→ **PROBLEM**
Output only the lines below from the one holding "县级医院排行_宝鸡凤翔区医院" down to the one holding "Zac Major's show", both end lines included and every picture dropped.

→ **DATA IN THIS EXERCISE**
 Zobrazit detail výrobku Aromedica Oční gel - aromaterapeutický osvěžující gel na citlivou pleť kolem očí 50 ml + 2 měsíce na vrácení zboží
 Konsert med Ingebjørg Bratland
* * *
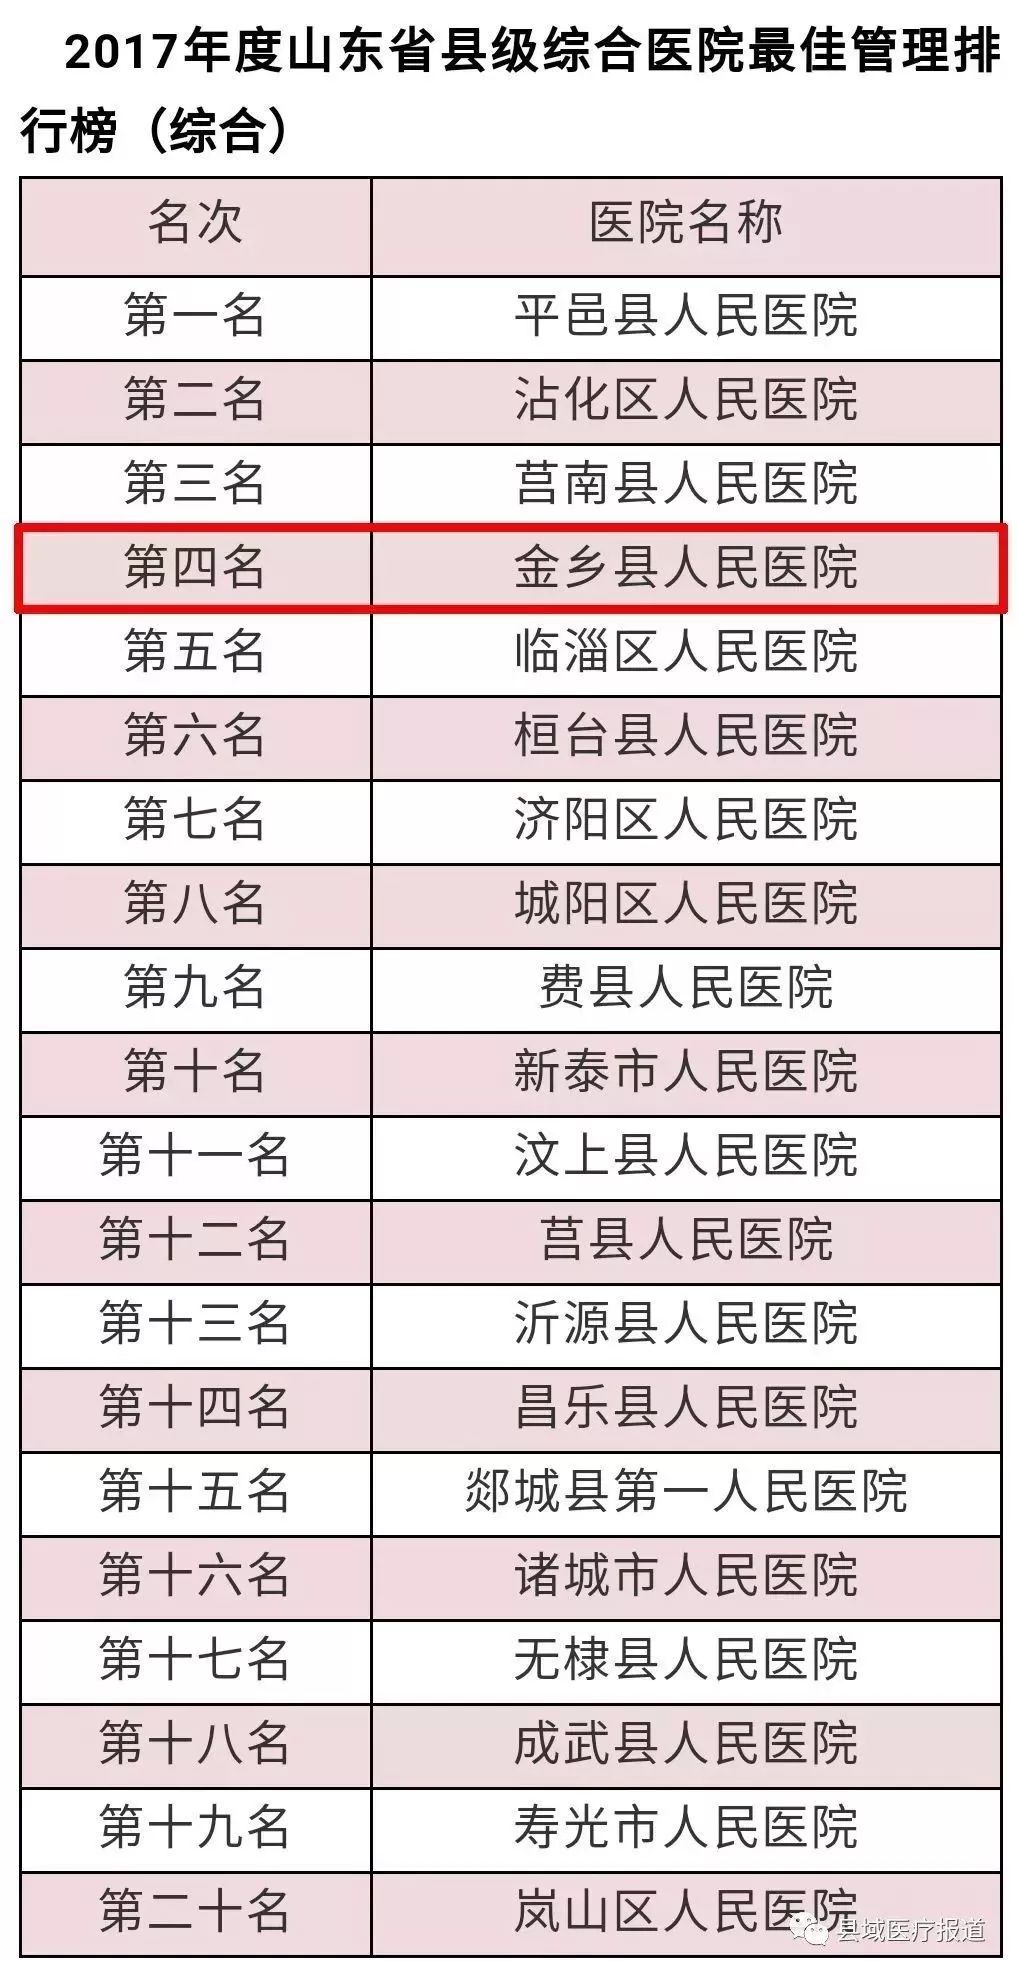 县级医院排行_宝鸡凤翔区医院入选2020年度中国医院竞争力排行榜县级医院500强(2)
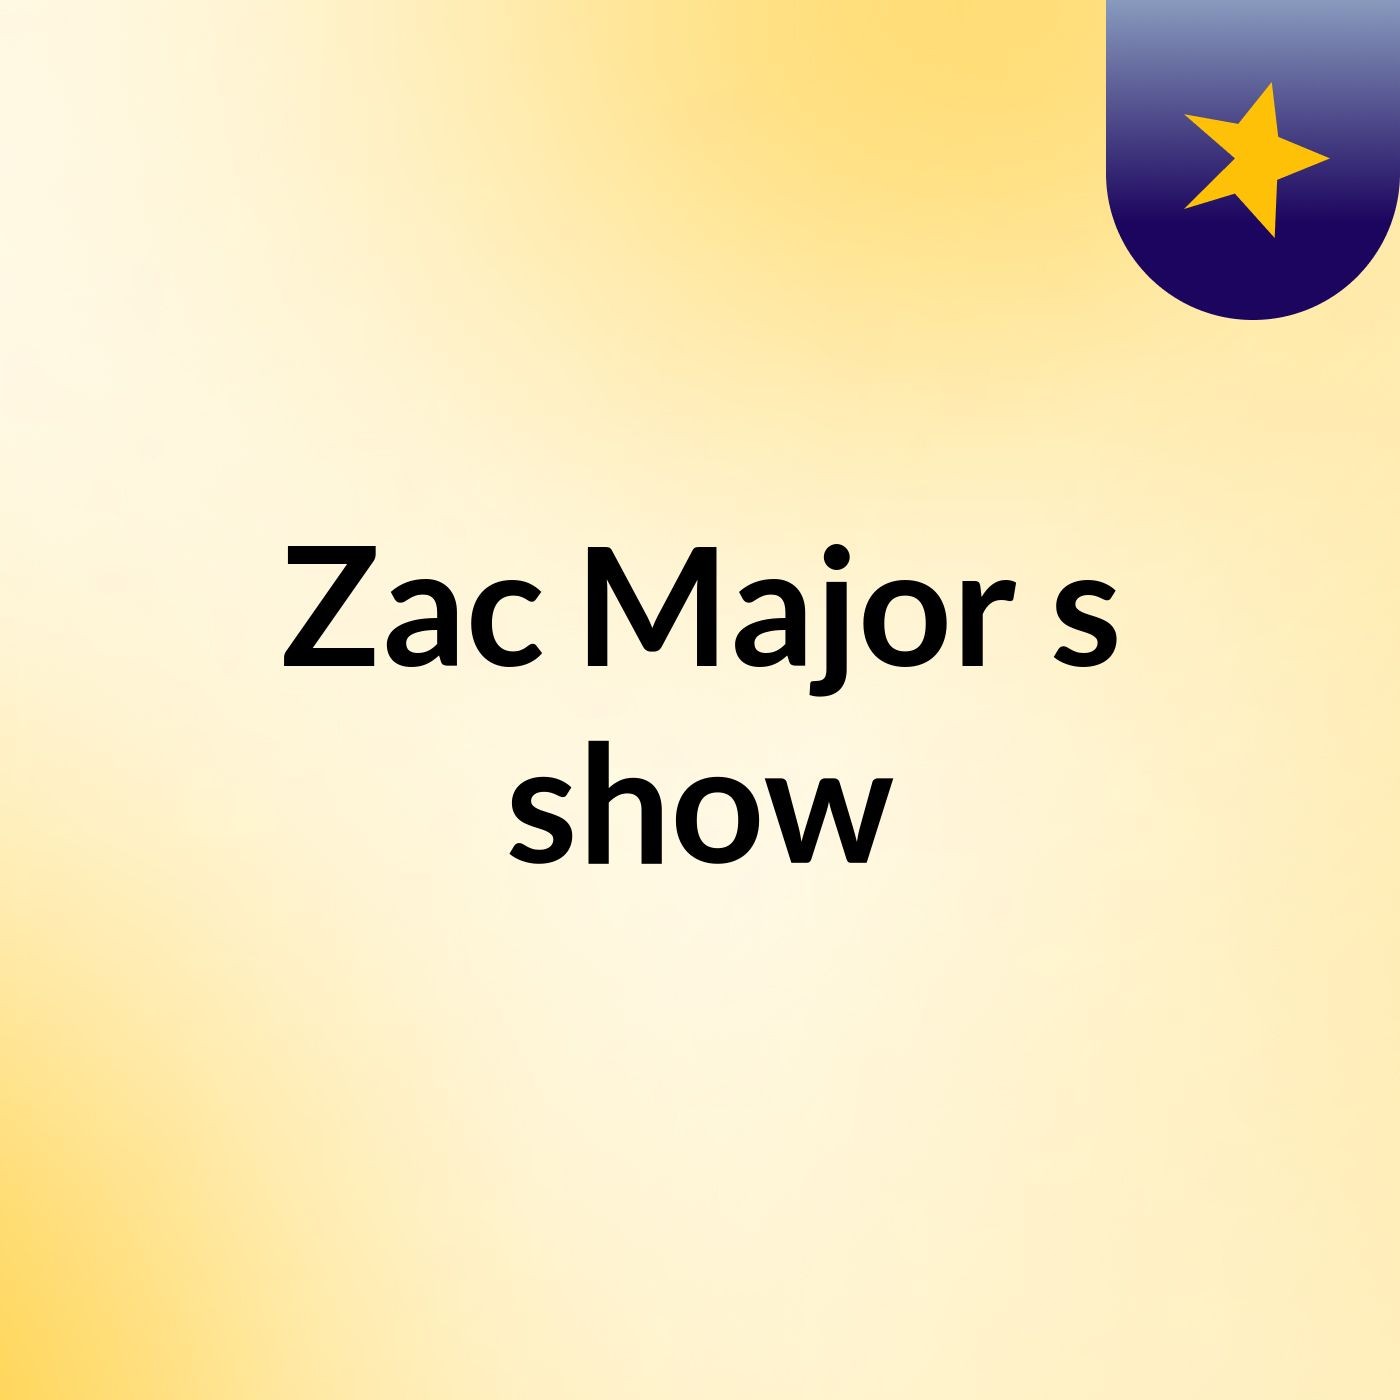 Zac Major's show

→ **ANSWER BOX**
 县级医院排行_宝鸡凤翔区医院入选2020年度中国医院竞争力排行榜县级医院500强(2)
 Zac Major's show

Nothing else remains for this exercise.